Quem tá interessado em games com jogos do Palmeiras, Corinthians e São Paulo, um atrás do outro?

Meu maior problema, por enquanto, é o pôquer – ou a matéria que estou escrevendo sobre. Dá um trabalho… vou te contar. Qualquer hora supero isso.

Parece que o bom neste instante é jogar o multiplayer do Uncharted 2. Foi um dos trailers mais legais da coletiva da Sony, mas lembro de ter comentado na hora: “Qualquer jogo fica lindo assim em um telão de 20 X 15 m”. É um Pitfall em 3D e com um monte de coisas rolando, e estou louco para jogar, mesmo que seja em uma “telinha” de 46 polegadas como aquela que tenho em casa…

Ou melhor, legal é discutir hoje sobre o fim da obrigatoriedade do diploma de jornalismo. Hum. Se você não sabe do que se trata, é só ir para a home de qualquer portal. Ou no Twitter.

Para aqueles recém-formados, ou não tão recém assim, que se sentem otários ou traídos: não é para tanto, vai. Nada vai mudar. O mercado (inclusive o de games) já está soterrado de não-diplomados, atuando tanto no mercado “oficial” quanto no “paralelo”. E muitas vezes, estes últimos trabalham infinitamente melhor que os orgulhosos donos de canudos. Por outro lado, o que conheço de jornalista diplomado e intelecto-profissionalmente limitado, não tá escrito. Então, não é bem essa – o diploma e sua obrigatoriedade - a questão principal dessa história. Porque o diploma, aquele papel enrolado ou enquadrado, amarelado e escrito em letra cafona, esse já não vale nada faz tempo.

O que vale na conversa são as experiências individuais de cada um. Estudar numa faculdade entrega uma experiência única que não se consegue de nenhuma outra maneira. Se ela não proporciona muito em técnicas ou habilidades, compensa em contatos, em vivência, em cancha (ainda que bem simulada). Já aqueles que conseguem exercer a profissão sem passarem pela faculdade, provavelmente entraram rapidamente na vida profissional e não a largaram mais. Aí, o que conta é o aprender fazendo. Quanto mais experiência da rotina de jornalista, mais técnica, eficiência e manha se consegue. E isso tudo, também não se ensina em faculdade.

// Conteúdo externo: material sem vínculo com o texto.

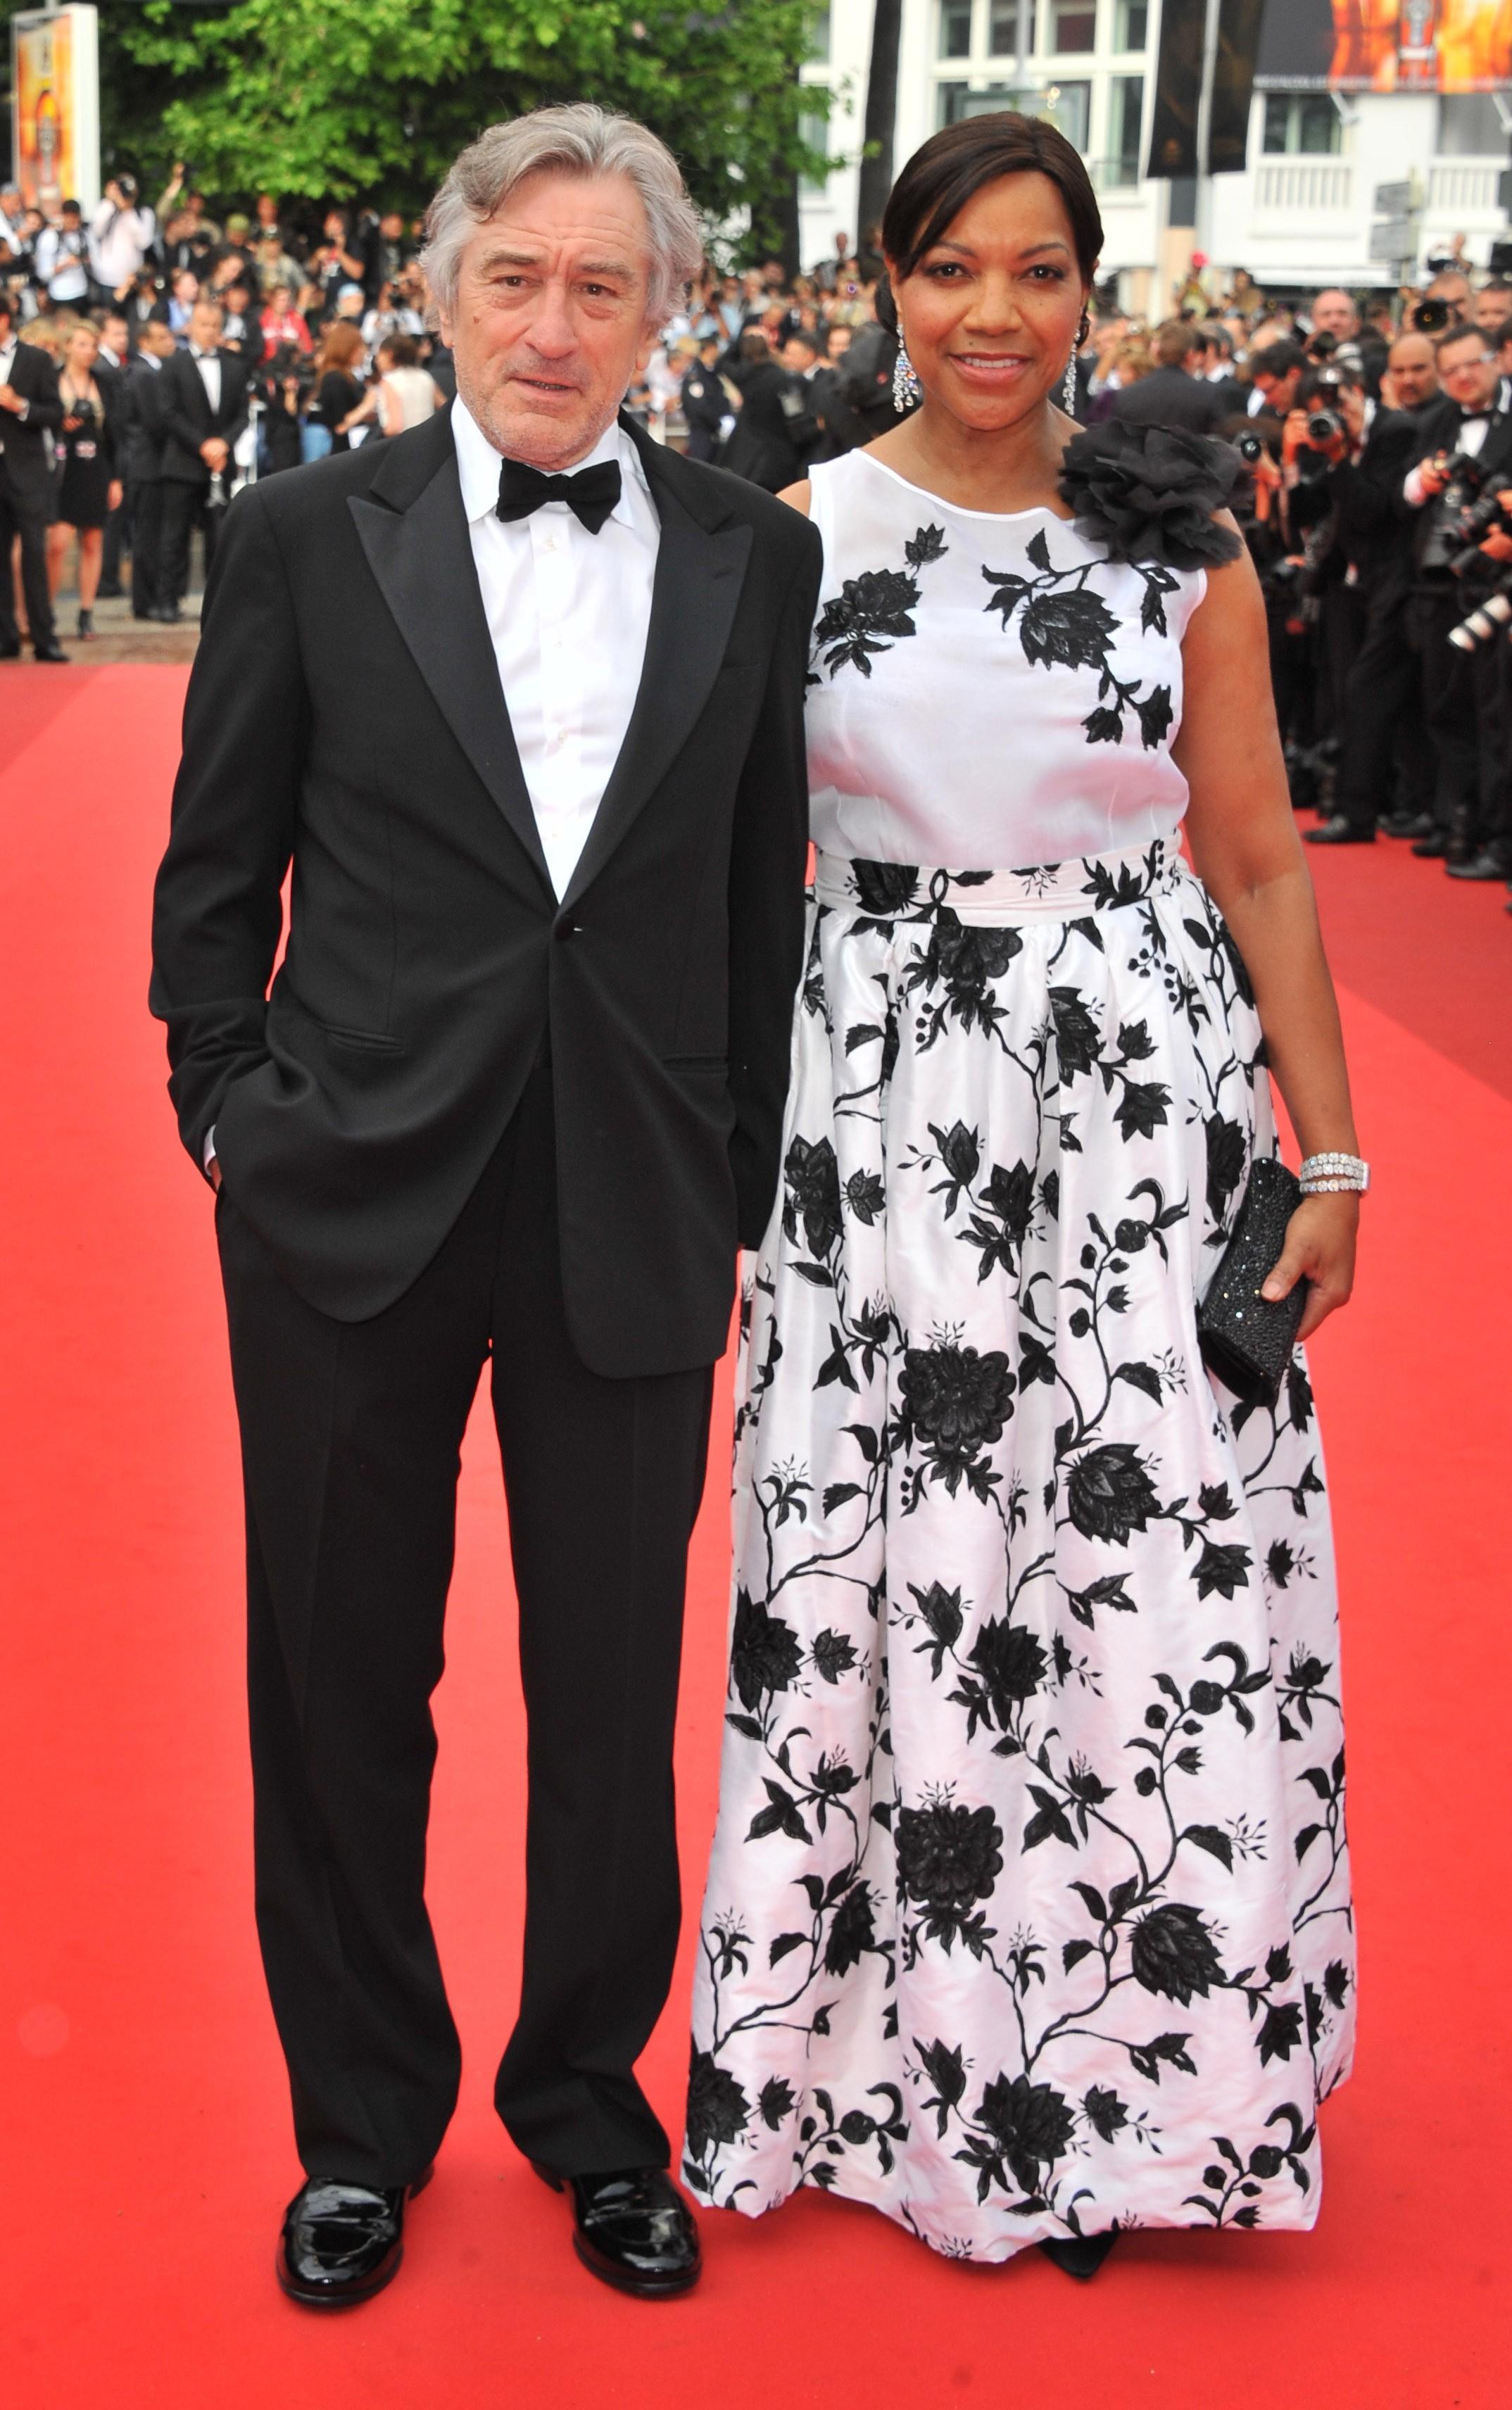 Robert De Niro And Wife Welcome Baby Girl Via Surrogate ...

Se você ficou na dúvida sobre cursar jornalismo, mas tem vontade, é fácil: faça o curso (se puder pagar). Porque eu insisto que vale a pena, se você estiver disposto a realmente aproveitar o que é possível aprender ali. E até que é bastante coisa – principalmente fora das salas de aula.

Se você já achava besteira e pensa que se vira bem como jornalista sem ter se formado, pode continuar assim. Porque muito provavelmente, você está certo. A faculdade dificilmente lhe ensinará mais sobre essas coisas que você aprendeu sozinho, fazendo.

Complicado? Confuso? É por isso que o debate é tão interessante.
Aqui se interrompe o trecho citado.